Connect, Communicate, Conquer — Why Saying What You Mean is the Key to Success
It continues to amaze me how our ability to communicate as Americans has degenerated over the past few years. Maybe it’s all the texting, who knows. But regardless of the cause, this difficulty with communication keeps us from living our life to the fullest especially when it comes to being successful in our professional and personal relationships.
Ultimately, communication is a two way street. Sometimes we think we’re making sense, when the person we’re talking to has no idea what we’re saying. It may be cultural barriers, or it may be because we’re just not being clear. Because everyone’s different, it’s important that you know when the person you’re talking to doesn’t understand, so that you can try to explain things better. This means that, depending on the situation and the people involved, your methods of communication will have to change. Most of the time, however, it is better to be straightforward than to be vague.
It’s better to just say what you mean.
Three Steps to Being a Better Communicator
The first step to useful communication is to connect. This could be as simple as making the first move by sending an email or making a phone call. On a deeper level, making a connection has more to do with finding things in common. In the professional world, this means stating very clearly how your purpose in contacting them is related to what they do. To make this connection is very important. You might get into a situation where it seems like beating around the bush is more polite, but it can often lead to the other person missing the point completely. People respond much more quickly to direct, yet tactful lines of reason than they do inarticulate rambling.
What if taking an assertive stance just feels like the most difficult social situation you can think of? There are ways to get around the nerves. First of all, breathe. Often when people get into stressful situations–as can be the case when trying to get something you want from people you think don’t want to give it to you–they forget to breathe. Taking in that breath eases your mind and keeps it focused on what you want to say. Secondly, practice. Even if this means practicing in front of the mirror or with your spouse, if you know that you have the tendency to get tongue-tied or to suddenly get shy, it’s beneficial to rehearse a bit beforehand. Thirdly, you want to learn the art of being concise. Some people will go on about their daughter’s Sweet 16 for an hour before they get to the real discussion about the price of a vehicle they want to buy. Others will hum-and-haw about what’s on their own calendar before asking if they can get an appointment on such and such day.

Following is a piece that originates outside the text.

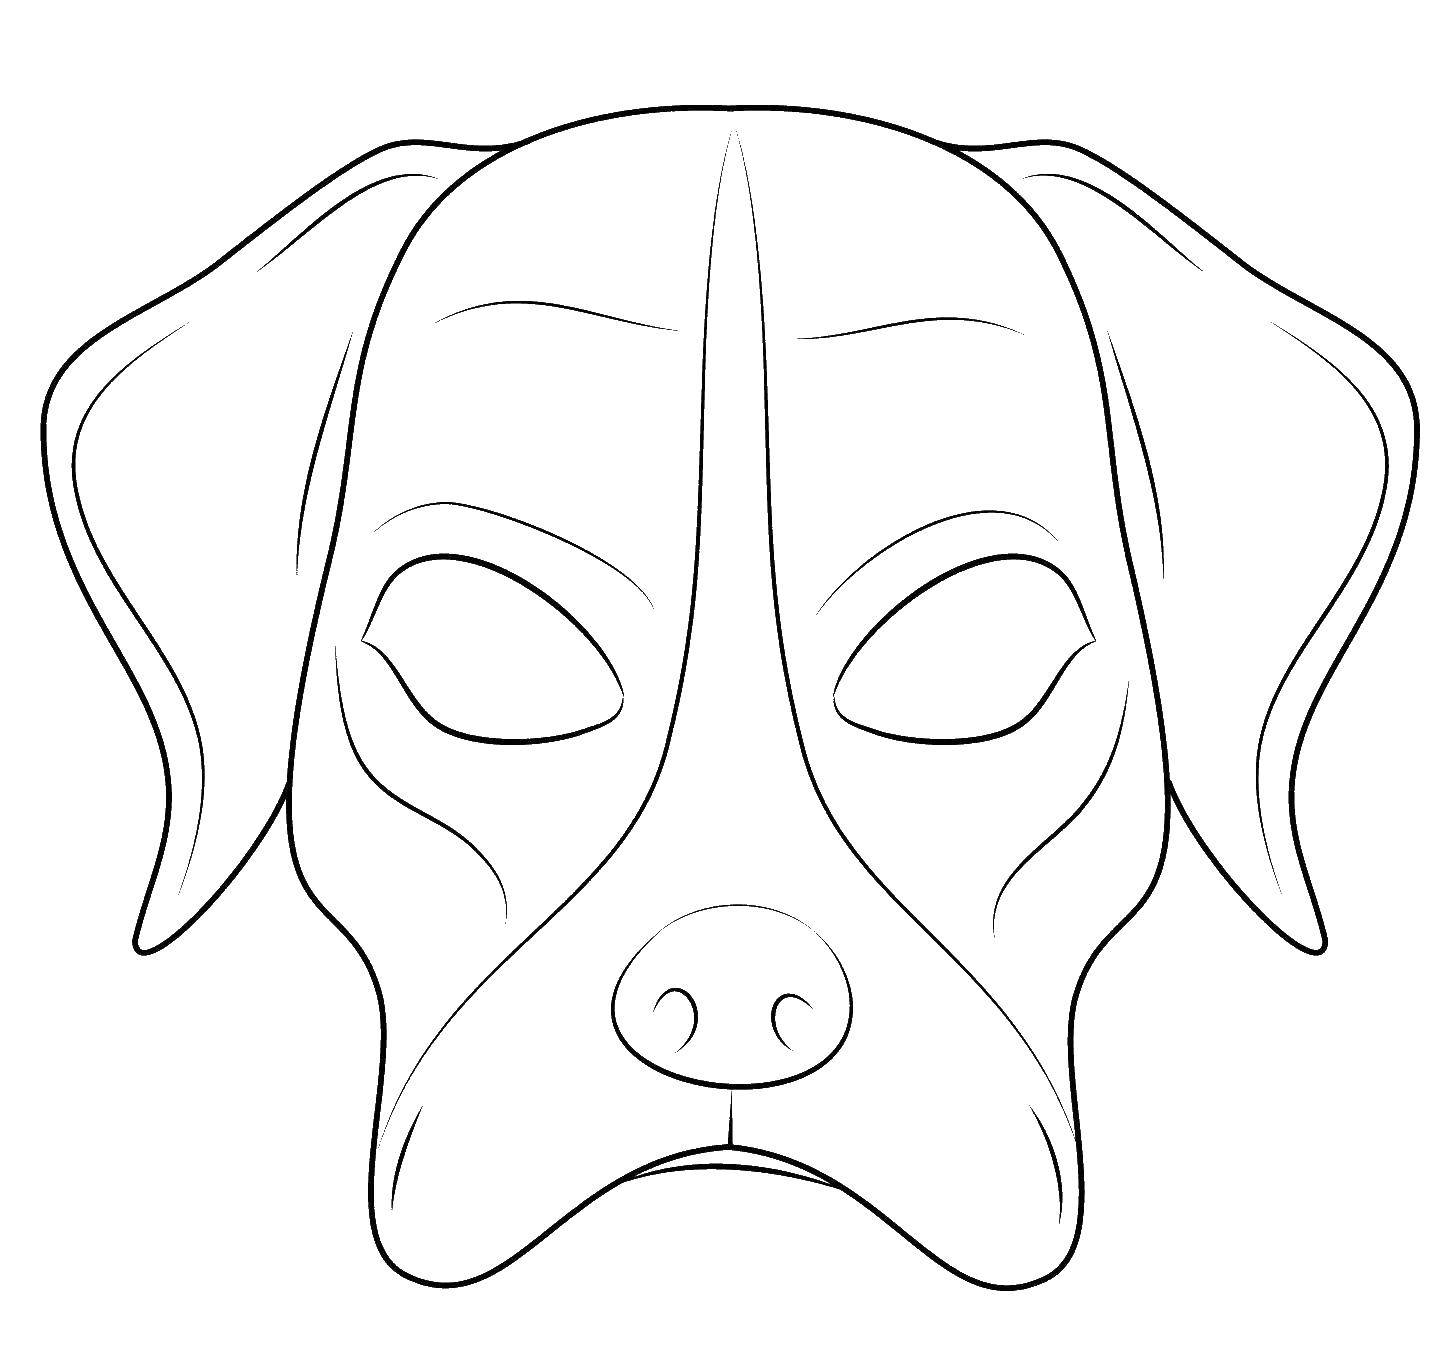 Coloring Mask dog. Category Masks . Tags:  mask, dog.

The key to getting what you want when you need it is to learn how to say it sooner rather than later. This is not to say that social interaction isn’t necessary. On the contrary! Asking someone about their day or their family could be just the opening you need to bring up a topic. At the same time, pay attention to their reaction and avoid circling around the point.
On a final note, we all know the adage, “Say what you mean and mean what you say.” This is crucial to success. If people perceive you as someone who cannot put their ideas into words, or worse, as someone who is unreliable, then you are in for a lot of trouble. It will be difficult for people to trust you, and especially if you’re in a leadership position, to follow you.
A person who is good at communicating knows how to read the situation, clearly articulates what needs to be done, avoids mixed messages and playing people off one another, and often has an easy to follow design or direction in mind. Become this kind of person by learning how to clearly and concisely put your thoughts into words.